Держа в ладонях большую чашку с кофе, девушка смотрела поверх нее на Хэма.

– Надеюсь, что смогу угодить вам обоим.

Хэм рывком поднялся с места.

– Пора доить коров.

Когда он вышел, Келли наклонилась к столу и заглянула в его чашку. Там еще оставалось больше половины кофе.

– Кажется, Хэму не понравился мой кофе, – вздохнула она.

– Он еще мальчишка. Не успел войти во вкус мужских удовольствий.

На губах Келли заиграла загадочная улыбка.

– Понятно…

Некоторое время они молча прислушивались к погребальному звону дедовских часов в гостиной.

– Восемь часов, – произнесла Келли. – Мне пора идти. Машины с молоком – последние из тех, что здесь останавливаются.

Нат обернулся к ней, опустив руки на широко расставленные колени.

– Зачем тебе уходить? Ты теперь будешь жить здесь.

– Надо там кое-что закончить. Забрать те немногие вещи, сдать комнату, уволиться с работы.

Она положила тонкую руку на стол. Некоторое время Нат смотрел на нее, потом накрыл своей огромной волосатой ладонью.

– Останься. Приготовишь мне ужин. Завтра утром у тебя будет сколько угодно времени для всех этих мелочей.

Она сжимала и разжимала руку под его ладонью. Как ни странно, движения совпадали с биением его сердца.

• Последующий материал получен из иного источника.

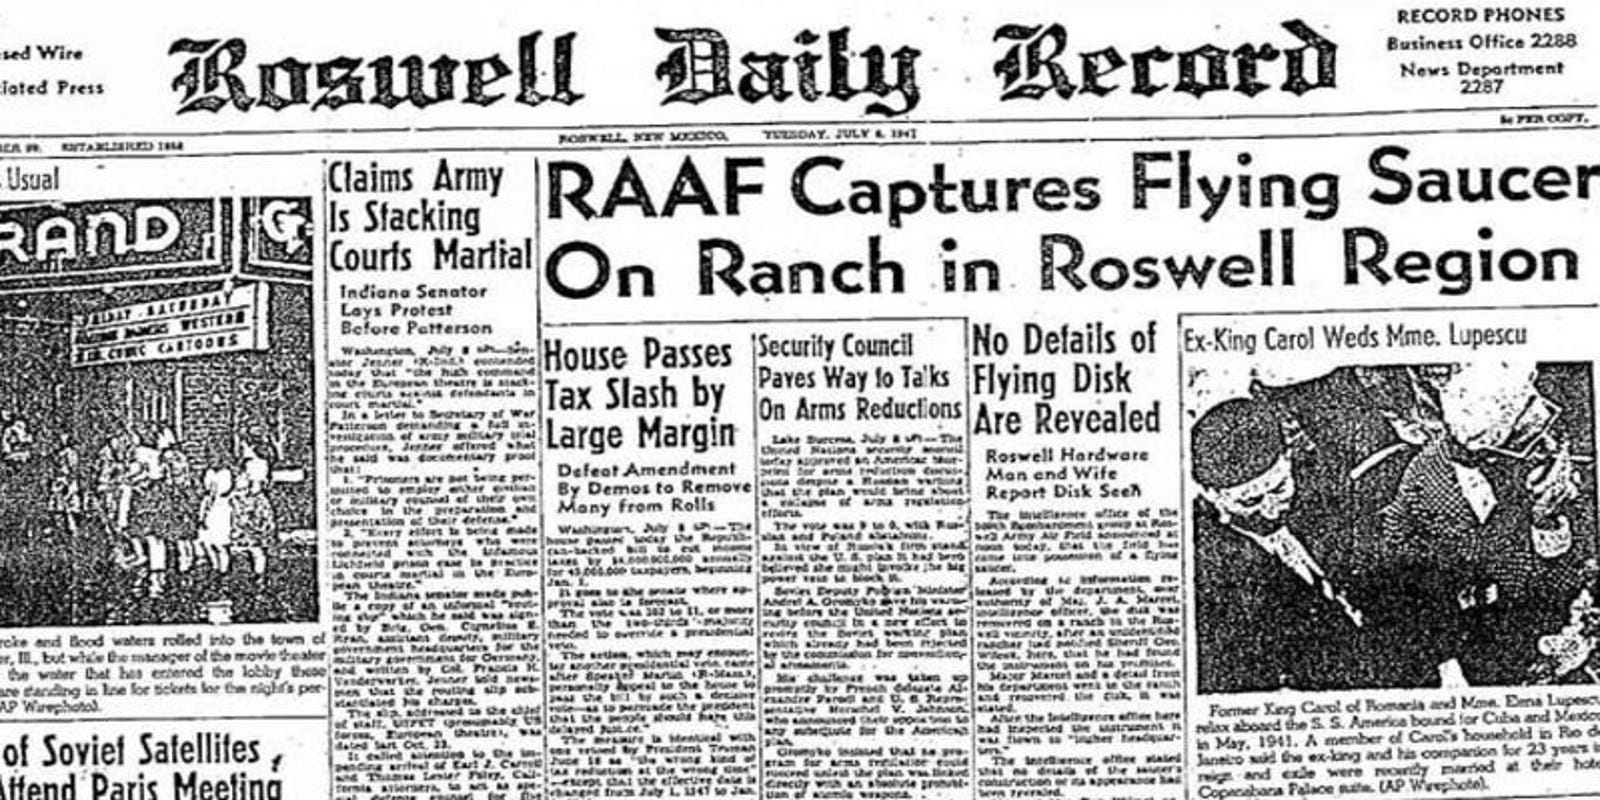 Today in History, July 8, 1947 Newspaper reports 'flying saucer' at

Неожиданно она хихикнула. Нат уже пятьдесят лет, если не больше, не слышал девичьего хихиканья.



– У меня с собой ничего нет. Даже спать не в чем. Придется лечь в постель голой.

Он почувствовал, как вспыхнуло жаром лицо, как застучала в висках кровь. Во рту пересохло, язык, словно разбух.

– Наверху полно одежды, ночные рубашки тоже есть. Это одежда моей жены. Она была такая же худенькая, как и ты. И очень гордилась своей внешностью. Там есть все, что тебе понадобится.

Она смотрела на него широко раскрытыми невинными глазами.

– Но это же ее вещи! Вы считаете, что это нормально? Вы не возражаете?

– Не возражаю.

Он крепче сжал ее руку.

– Но что сказала бы она?

– Ее больше нет. Она умерла.

Нат сжал ее руку с такой силой, что Келли поморщилась.

– Мне больно!

Он выпустил ее руку. Поднял свою к глазам, долго смотрел на нее.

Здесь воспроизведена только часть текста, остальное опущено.